Strathisla, 25-year-old (Gordon & MacPhail Bottling), £45.99
From Speyside, a Strathisla in the guise of a Gordon & MacPhail release. This Strathisla could be described as a connoisseur's malt at a competitive price - 25 years without return is a serious investment and prices can range into the uncomfortable. It won a silver medal in the 19- to 25-year-old malt category. "Complex flavours of orange chocolate, coconut and Earl Grey. Good body and balance, recommended in bed (forget the Champagne!)" says Duncan Elphick of the Craigellachie Hotel.
The Loch Fyne Liqueur, £28.99
If you feel attracted to malt whisky but find the high alcohol content too much for your palate, this liqueur is a splendid alternative. Scottish Field's Will Gardner reviewed it as "less cloying than most other liqueurs; more of a malt experience infused with luscious sweetness rather than sickly sweet. Bursting with Jaffa Cakes, tangerine ice-cream and Terry's Chocolate Orange." Try it with a Laphroaig 10-year-old.
Bunnahabhain, 12-year-old, £22.99
The vista would evoke the pen of A E Housman. The Paps of Jura face the eastern seaboard and bay cradling Bunnahabhain. It's an Islay, though not the famed smoke and theatre; more complexity and elegance. The 12-year-old comes in a comforting dumpy bottle with a mariner embossed on it. It won distinction in the 10- to 14-year-old island group. "Complex with wholegrain bread, honey and cream. Seductive," says Darren Leitch of The Whisky Shop.

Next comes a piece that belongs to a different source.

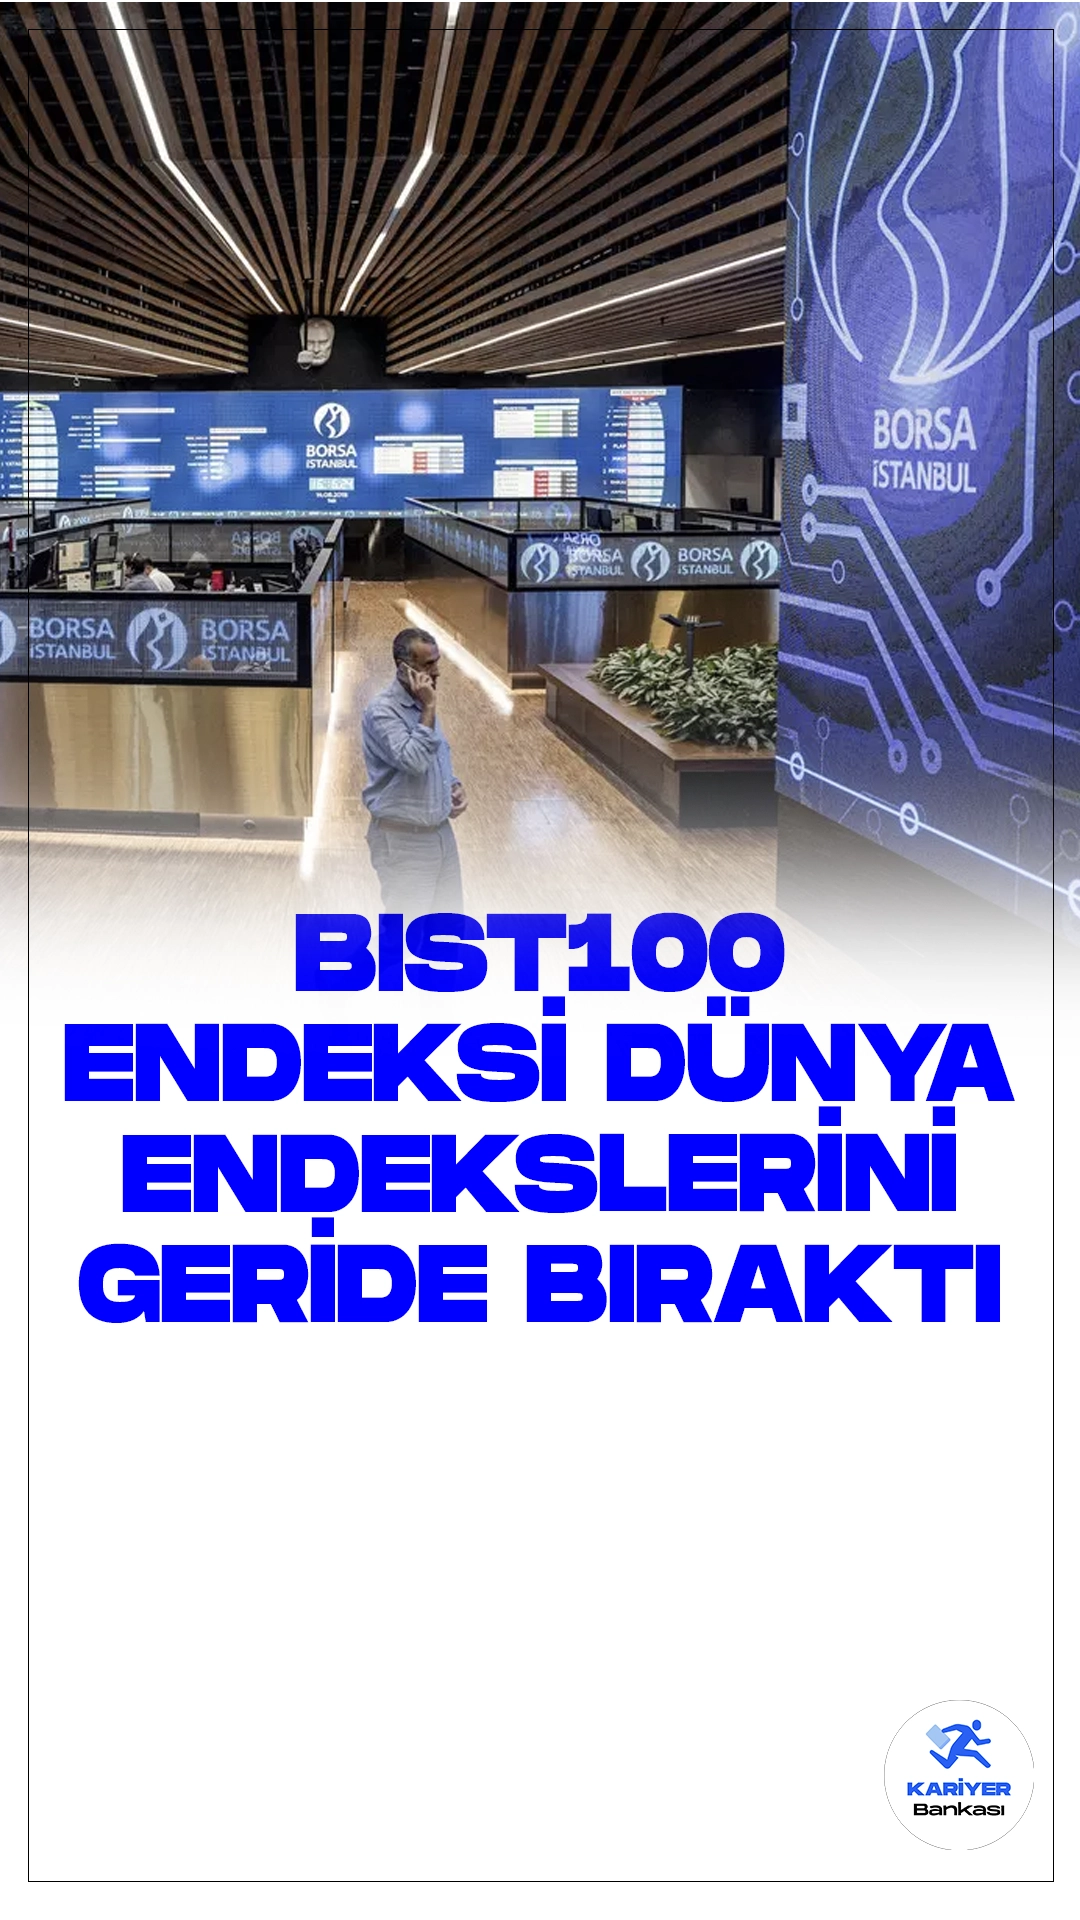 BIST 100 Endeksi Dünya Endekslerini Geride Bıraktı.Borsa İstanbul'da BIST 100 endeksi, yıl başından itibaren %23,07'lik bir değer kazancıyla, dünya endekslerini geride bırakarak önemli bir performans sergiliyor.
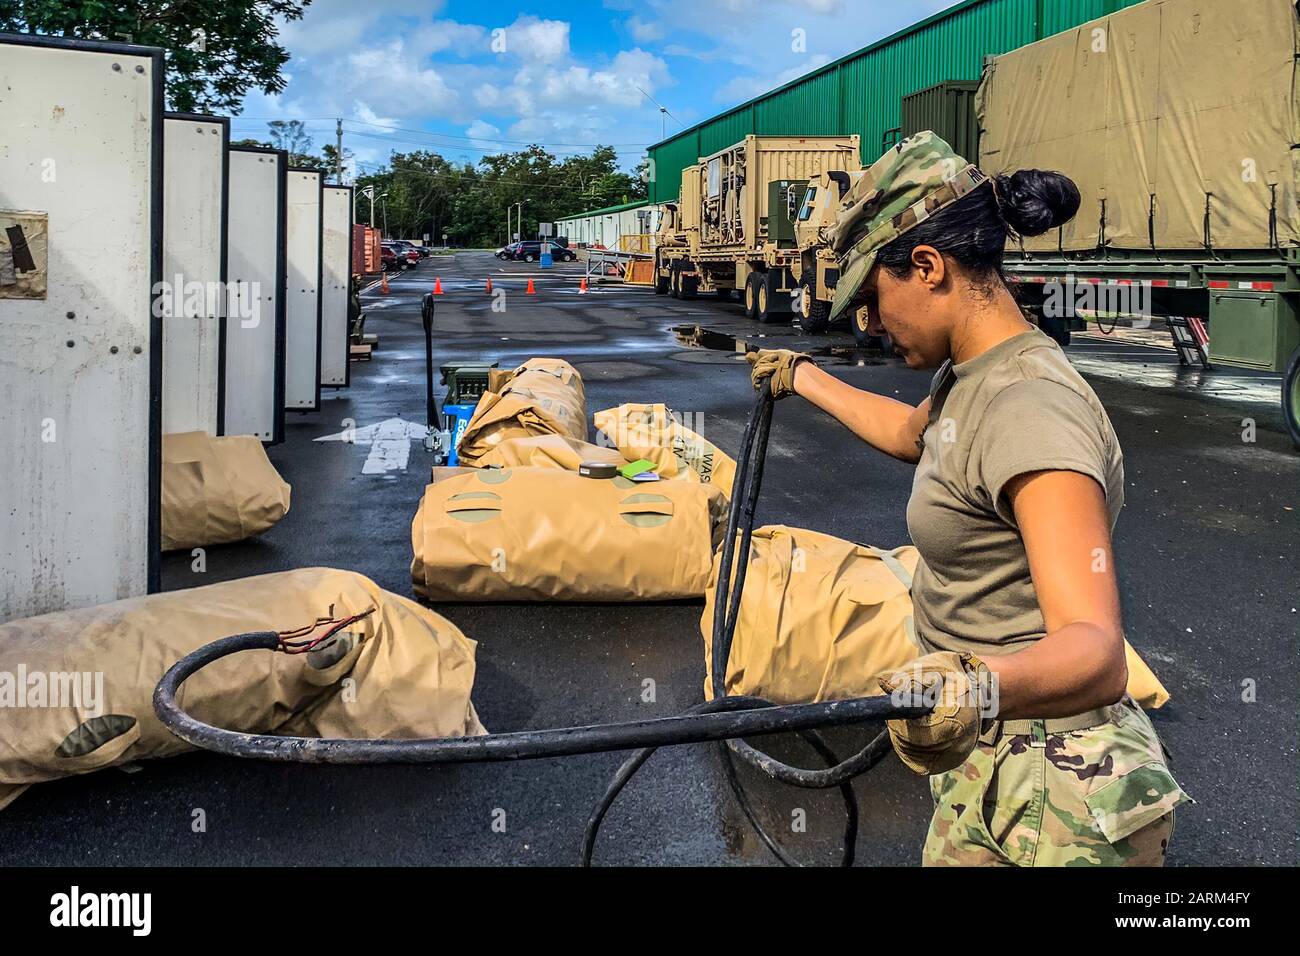 Soldaten der 430th Quartermaster Company, U.S. Army Reserve Multifunctional Geographic Command for the Caribbean, gehen mit den Inspektionen und Kontrollen, am 12. Januar, voran, um eine eventuelle Aktivierung zur Unterstützung der vertriebenen Bürger im Südwesten von Puerto Rico vorzubereiten. Als Folge der jüngsten Erdbeben in der Region. Stockfoto

Bruichladdich, 10-year-old, £24.99
Islay has a smoke-free zone on the Atlantic coast in Bruichladdich. The distillery was recently saved from extinction and the expert Jim McEwan charged with breathing life into what was always the Islay folk's preferred dram. It is a bewitching introduction to hand-made whisky. Highly commended in the islands 10 to 14-year-old band. "Soft, mellow and inviting. Sweet sherbet, barley-sugar and vanilla. Wonderful," says Ronnie Routledge of Gordon & MacPhail in Elgin.
Compass Box, Asyla, £22.99
A blend! Compass Box is the innovative young company responsible for Hedonism and Monster. Like its siblings, Asyla is a great whisky. If blends are pooh-poohed within your circles, pour a dram of Asyla, add a touch of spring water and wait. Its character and refreshing drink-any-time persuasion captured gold in the blends up to 10 year old category. "An exciting, faultless whisky" with heavy sherry notes over a soft, fruity, smooth, vibrant dram," says Richard Joynson of Loch Fyne Whiskies.